Although the word “Trinity” does not appear in the New Testament (the Latin trinitas is first used by Tertullian at the end of the second century — but bear in mind that Tertullian was the first Christian theologian to write in Latin), all of the raw data are there, in the experience of Christians as God’s people, saved by Jesus Christ, filled with the Holy Spirit. The development of the doctrine of the Trinity was simply (well, not simply, I guess!) the articulation, over the next four hundred years, of this fundamental experience as a systematic construct. The doctrine of the Trinity is a transcendental argument; that is, it is something to which we do not have direct access, but it represents the necessary conditions of the possibility of the truth of our experience and hope of salvation in Christ. If the doctrine of the Trinity is not true, then our whole Christian self-understanding falls apart. (One can, of course, believe that the Christian understanding of what God has done and pomised in Jesus of Nazareth is all a delusion, and then obviously the doctrine of the Trinity makes no difference. But those are the options.)
One of the pieces of New Testament raw data that goes into the doctrine of the Trinity is found in the Gospel today, in a verse well-known and rightly well-loved: “For God so loved the world that he gave his only Son, so that everyone who believes in him may not perish but may have eternal life.” The words “so loved the world” could take a lifetime of sermons to unpack, but today I suggest we think about the phrase, “gave his only Son.” What can it mean for God to “give his only Son” to reconcile us and bring us to eternal life? And what do we understand by God’s “only Son”? What may come to mind, and I think has come to the minds of some people, is a picture of a human father and his son, and dad says, “Son, I love those folks so much I’d like you to go die on the cross for them.” And some may say, “What a dad!” And others, more troubled, may say, “What kind of a dad…???” I hope we see that this is an indication that we don’t quite have this right yet. So maybe we need to go back again to what we are saying when we say that God “gave his only Son,” exactly what “Son” means in this context, and what this “Son’s” relationship is to God.

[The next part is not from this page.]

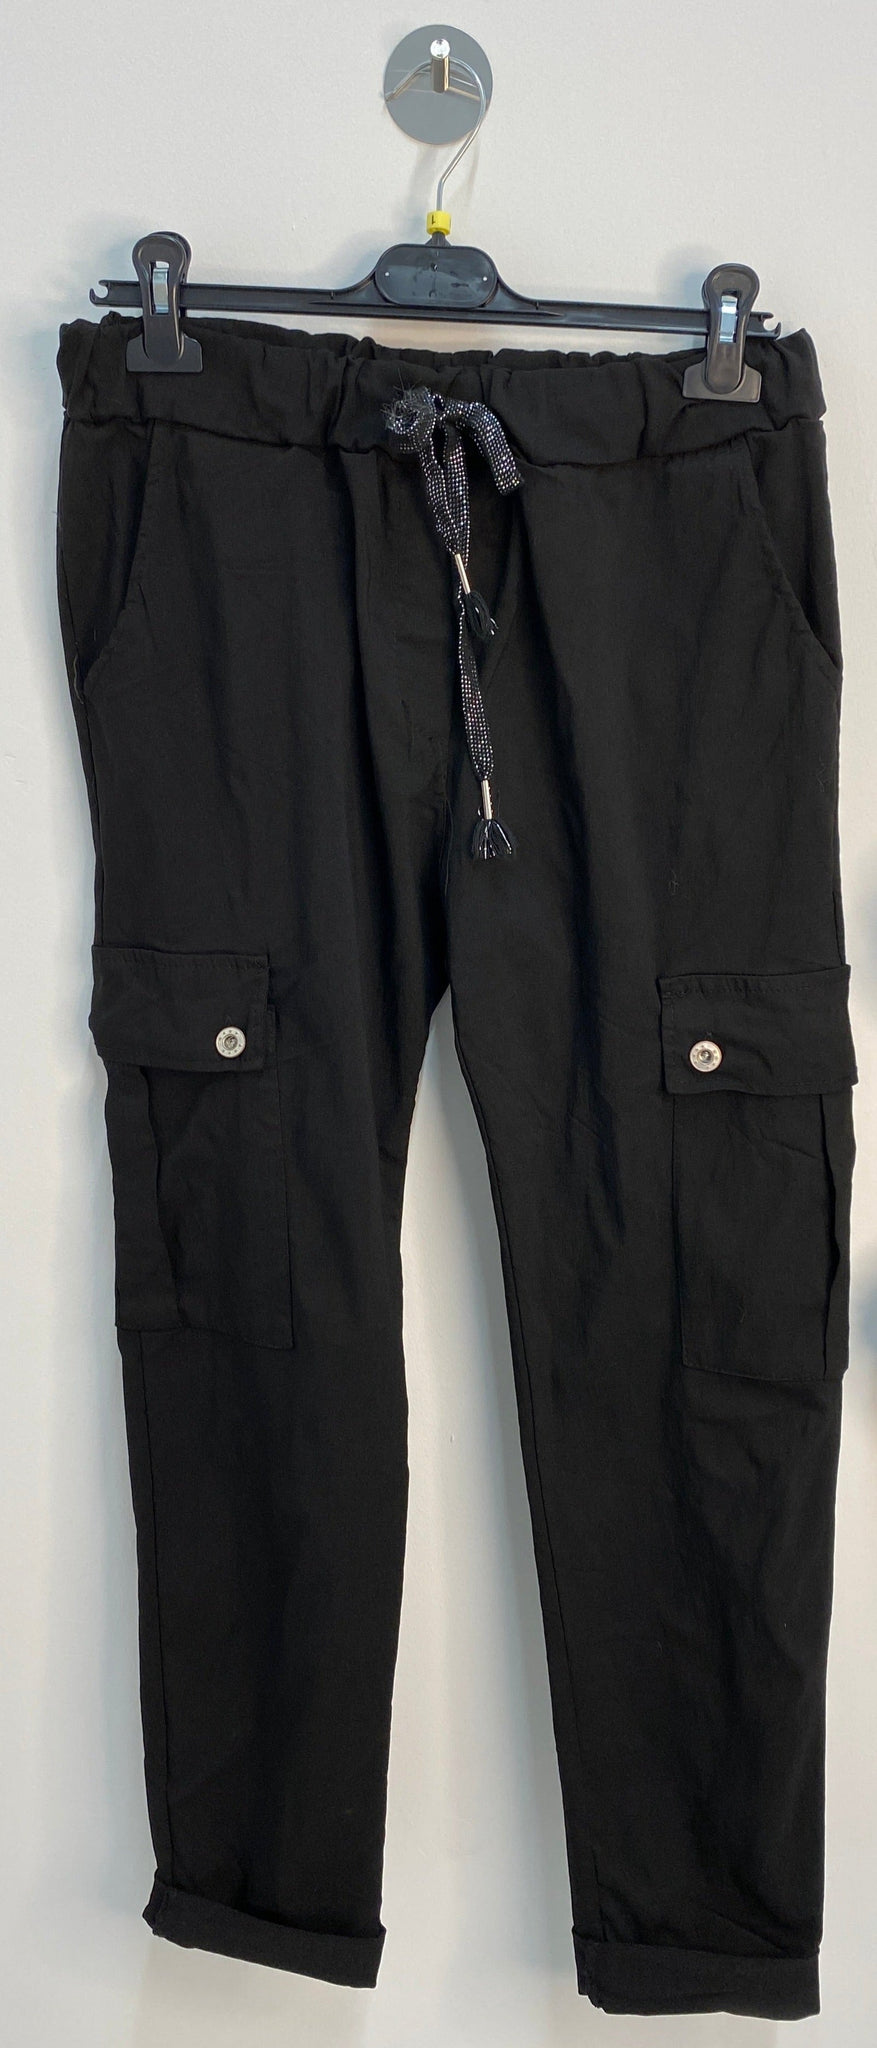 Lisbon Cargo Magic Pants - Black (2 Sizes)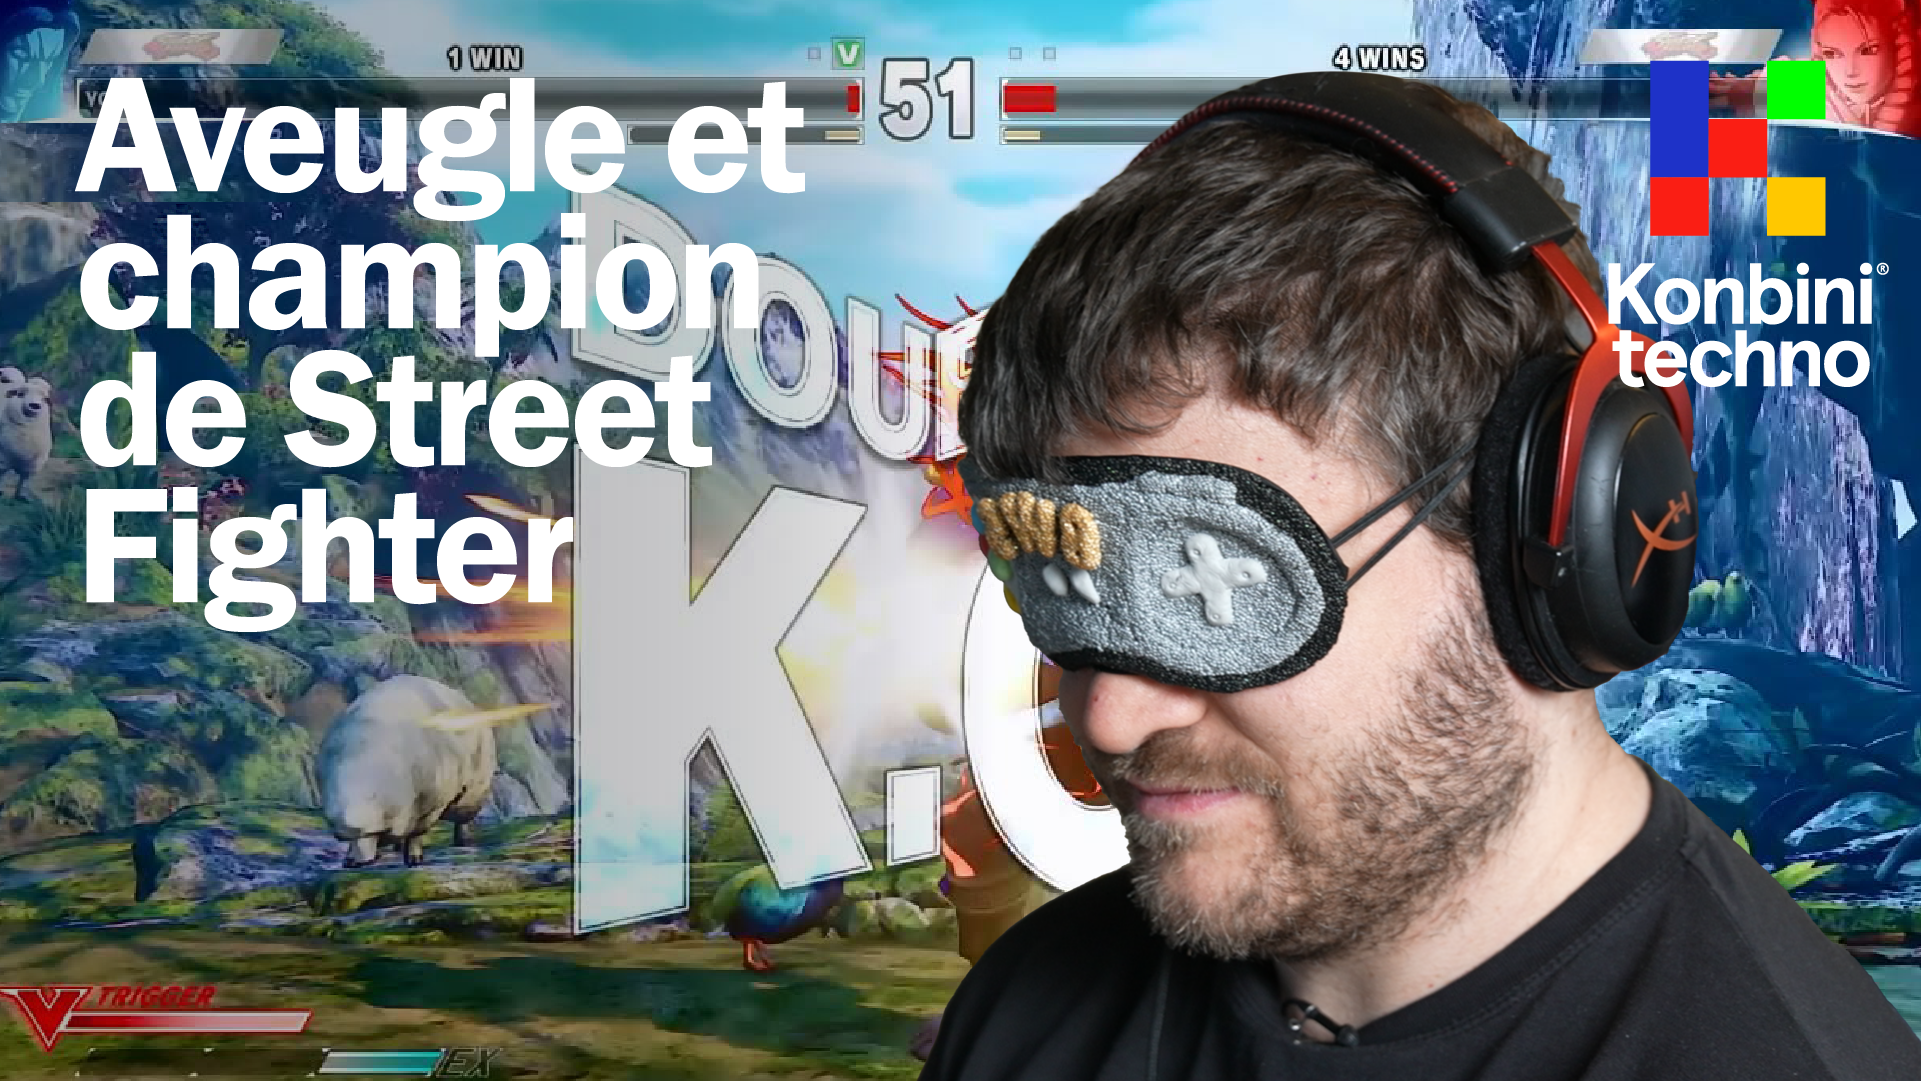 Aveugle et champion de “Street Fighter” : Sven raconte sa folle histoire | Reportage

There’s a lot that could be said, and maybe should be said, about how we use the word “Son” of Jesus in relation to God, but there’s another service at 11:00 and we need to be out of here. But I think I’ve said before something I think is very important — it’s not my idea, I got it from John Austin Baker, Bishop of Salisbury, in a book I no longer have — given what it takes to keep us from perishing but bring us to eternal life, given that cost. God did not send somebody else instead.
And that’s a first step down the road that leads us in our understanding of God, and of God in Christ, to the doctrine of the Holy Trinity.